We called him Shay, in the end, short for Séamus, which was James Carey’s dad’s name. As soon as I told James Devlin, I received the following screen grab from Wikipedia.
Séamus (Irish pronunciation: [??e?m??s?]) is an Irish male given name, of Latin origin. It is the Irish equivalent of the name James. The name James is the English New Testament variant for the Hebrew name Jacob.
Alright, I texted back. You win.
The brotherhood of James welcomes yet another member, he replied.
I have practised telling him about Dr. Byrne in my head hundreds of times, and despite many revisions to how I would do it—complete with many careful, sensitive word choices—I still have not told him. I have told Carey, which marks a strange and important first in our history: the first time I have told him something that I have not told James. His advice is to wait. Wait until I know more, wait until James comes to visit in the summer. It’s not the kind of thing you want to find out over the phone, he says, and I agree, mostly because it lets me off the hook.

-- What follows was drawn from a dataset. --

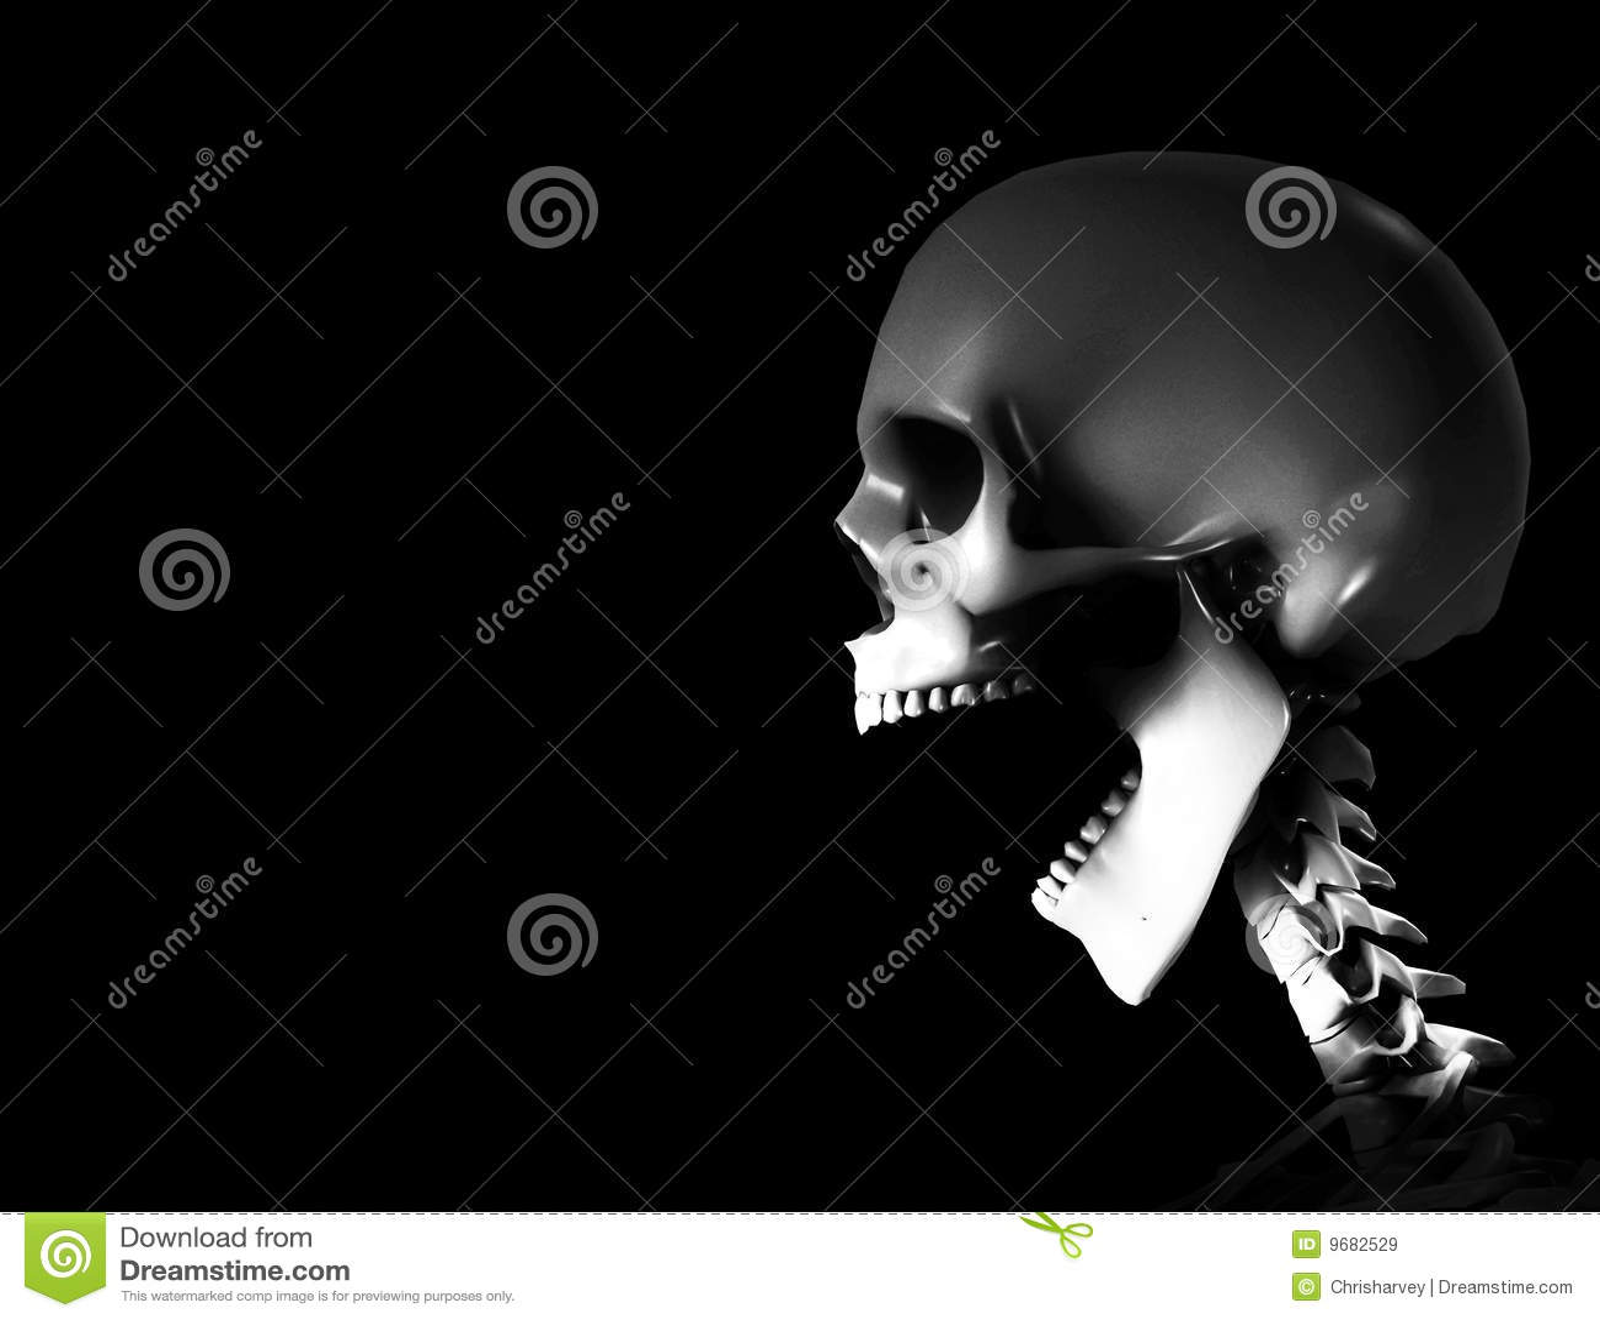 Squelette de cri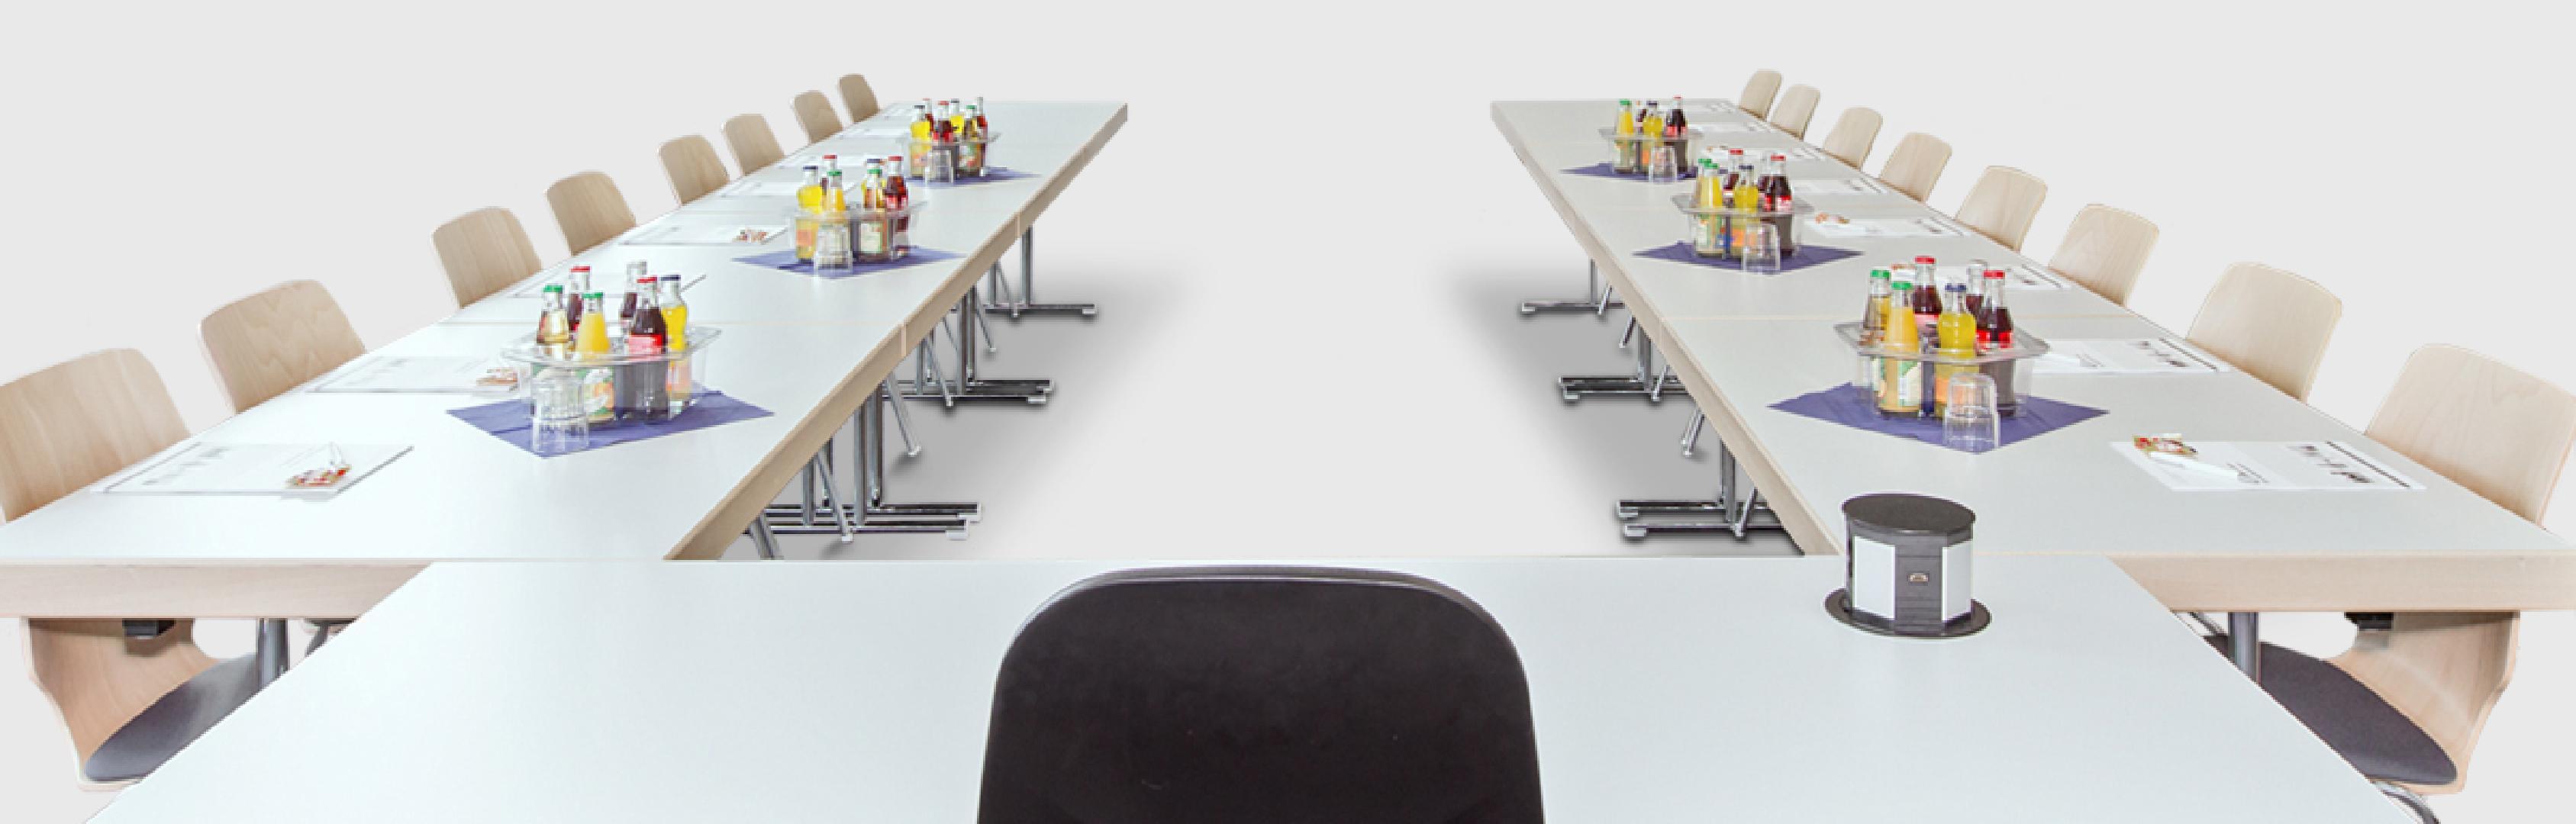 Bild 2 von TOP Tagungs- und Office- Center Dortmund - Tagungszentrum in Dortmund - Seminar und Schulung

And in the meantime I have written it all down. I am told that writing at night inflames my carpal tunnel syndrome, and I ignore this advice, because you’re allowed to ignore your physiotherapist once you are married to him. I wrote at first for James, and then for Deenie, with some kind of impression in my mind that I would give it to either or both of them. I never will, of course—can you imagine? Your husband in a coma, and someone gives you a three-hundred-page confession?
I wonder what I did this for. And then I look at James Carey, a well-liked man nearing forty, and wonder: Are you capable of the same kind of betrayal? And if you are—do I deserve it? I am about the same age as Deenie Harrington-Byrne was when we first met, the age she will always be in my head. The impossible adulthood she and Dr. Byrne occupied, the easy sophistication that still feels alien to me but surely must be observed by the younger women at my office. Am I their Deenie? Am I anyone’s?
I look at my baby and I am sure he is made of velvet. He has only just forgotten how to sleep, and so inevitably it is the two of us alone at night together. He clings on to bunches of my hair or jewellery or my bra strap. “Sssssshay,” I say, both his name and a request for quiet. “Sssshay, Shay, Shay.”